Bench2Bedside:
What are the key challenges that your team at Tikva Allocell is dedicated to solving?

Dr. Ivan Horak:
We’ve all seen the promise of CAR-T therapies, which have been revolutionary for some blood cancers. But like many new medical advances, they face significant limitations. First and foremost, the limitations of autologous therapies have been clear from their inception. Treatments that are made from a patient’s own cells necessitate bespoke, lengthy, and expensive manufacturing processes, not to mention variable cell quality, and the risk of manufacturing failure. This limits scalability and affordability.

Vitally, safety continues to be a concern for many CAR-T therapies. While generally safe, there are still concerns about potential side effects like cytokine release syndrome (CRS) and neurotoxicity, as well as the long-term risk of secondary malignancies.

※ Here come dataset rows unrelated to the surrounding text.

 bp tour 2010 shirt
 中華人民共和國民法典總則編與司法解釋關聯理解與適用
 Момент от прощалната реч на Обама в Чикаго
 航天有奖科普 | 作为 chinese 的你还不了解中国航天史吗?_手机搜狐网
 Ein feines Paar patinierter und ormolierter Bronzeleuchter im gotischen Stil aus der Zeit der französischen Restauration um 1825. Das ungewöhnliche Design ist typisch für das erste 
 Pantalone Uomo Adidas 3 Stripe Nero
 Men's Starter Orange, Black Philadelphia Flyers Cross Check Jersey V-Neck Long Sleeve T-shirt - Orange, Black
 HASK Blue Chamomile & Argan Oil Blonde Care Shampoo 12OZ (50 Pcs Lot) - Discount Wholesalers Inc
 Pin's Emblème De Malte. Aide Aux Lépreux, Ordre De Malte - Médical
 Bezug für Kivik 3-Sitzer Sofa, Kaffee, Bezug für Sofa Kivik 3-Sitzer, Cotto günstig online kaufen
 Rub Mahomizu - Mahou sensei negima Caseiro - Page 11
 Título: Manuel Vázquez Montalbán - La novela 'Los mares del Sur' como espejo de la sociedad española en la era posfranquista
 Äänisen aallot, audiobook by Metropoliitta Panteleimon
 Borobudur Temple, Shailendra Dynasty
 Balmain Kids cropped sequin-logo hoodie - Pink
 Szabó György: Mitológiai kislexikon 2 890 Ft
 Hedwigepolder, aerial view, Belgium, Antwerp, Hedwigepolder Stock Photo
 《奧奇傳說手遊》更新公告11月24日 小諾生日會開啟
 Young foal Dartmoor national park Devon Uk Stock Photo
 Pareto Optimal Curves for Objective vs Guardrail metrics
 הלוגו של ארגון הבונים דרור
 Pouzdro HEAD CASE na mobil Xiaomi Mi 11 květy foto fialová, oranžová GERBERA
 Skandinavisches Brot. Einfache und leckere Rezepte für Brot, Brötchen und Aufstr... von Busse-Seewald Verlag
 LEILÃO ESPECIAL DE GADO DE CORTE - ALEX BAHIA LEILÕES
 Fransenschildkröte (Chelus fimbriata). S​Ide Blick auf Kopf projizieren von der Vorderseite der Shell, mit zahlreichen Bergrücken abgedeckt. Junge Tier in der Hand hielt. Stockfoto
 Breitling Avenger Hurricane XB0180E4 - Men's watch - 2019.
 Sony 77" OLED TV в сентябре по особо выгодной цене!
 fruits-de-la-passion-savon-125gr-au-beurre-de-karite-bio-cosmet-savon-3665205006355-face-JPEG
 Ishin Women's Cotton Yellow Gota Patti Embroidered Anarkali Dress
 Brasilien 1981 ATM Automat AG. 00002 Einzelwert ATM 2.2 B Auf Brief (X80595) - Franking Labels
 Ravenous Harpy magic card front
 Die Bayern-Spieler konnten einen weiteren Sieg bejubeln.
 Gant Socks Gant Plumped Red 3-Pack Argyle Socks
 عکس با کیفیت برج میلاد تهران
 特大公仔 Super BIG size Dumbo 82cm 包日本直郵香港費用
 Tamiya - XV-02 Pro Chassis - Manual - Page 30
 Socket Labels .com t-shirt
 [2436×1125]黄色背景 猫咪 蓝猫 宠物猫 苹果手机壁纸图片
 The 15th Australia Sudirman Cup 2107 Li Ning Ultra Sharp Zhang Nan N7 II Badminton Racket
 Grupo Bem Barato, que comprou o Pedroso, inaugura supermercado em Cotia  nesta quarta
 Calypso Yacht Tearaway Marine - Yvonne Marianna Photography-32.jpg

And solid tumors continue to be a major limitation for CAR-T that is important to our work at Tikva. This is due to several factors, including the difficulty in finding appropriate tumor-associated antigens without causing “on-target, off-tumor” toxicities, poor CAR-T cell persistence in the body, and the immunosuppressive microenvironment within solid tumors.

Bench2Bedside:
What are the core technologies behind Tikva Allocell’s approach?

Dr. Horak:
Our platform is based on a second-generation empowered allogeneic Epstein-Barr Virus (EBV)-specific T cell (ALLO EBVST) platform. We use T cells from the blood of EBV-positive healthy individuals. The intrinsic properties of these virus-specific T cells, combined with our proprietary technologies, allow us to enhance the performance of these cells to safely target difficult-to-treat solid tumors.

Our lead program, TAVST01, is a bi-specific allogeneic B7-H3-CAR EBVST technology targeting B7-H3 positive solid tumors, which include lung, breast, prostate and pancreatic cancers. We are confident that B7-H3 is a very promising target as it’s expressed in multiple solid tumors but has a very low expression in a normal tissue.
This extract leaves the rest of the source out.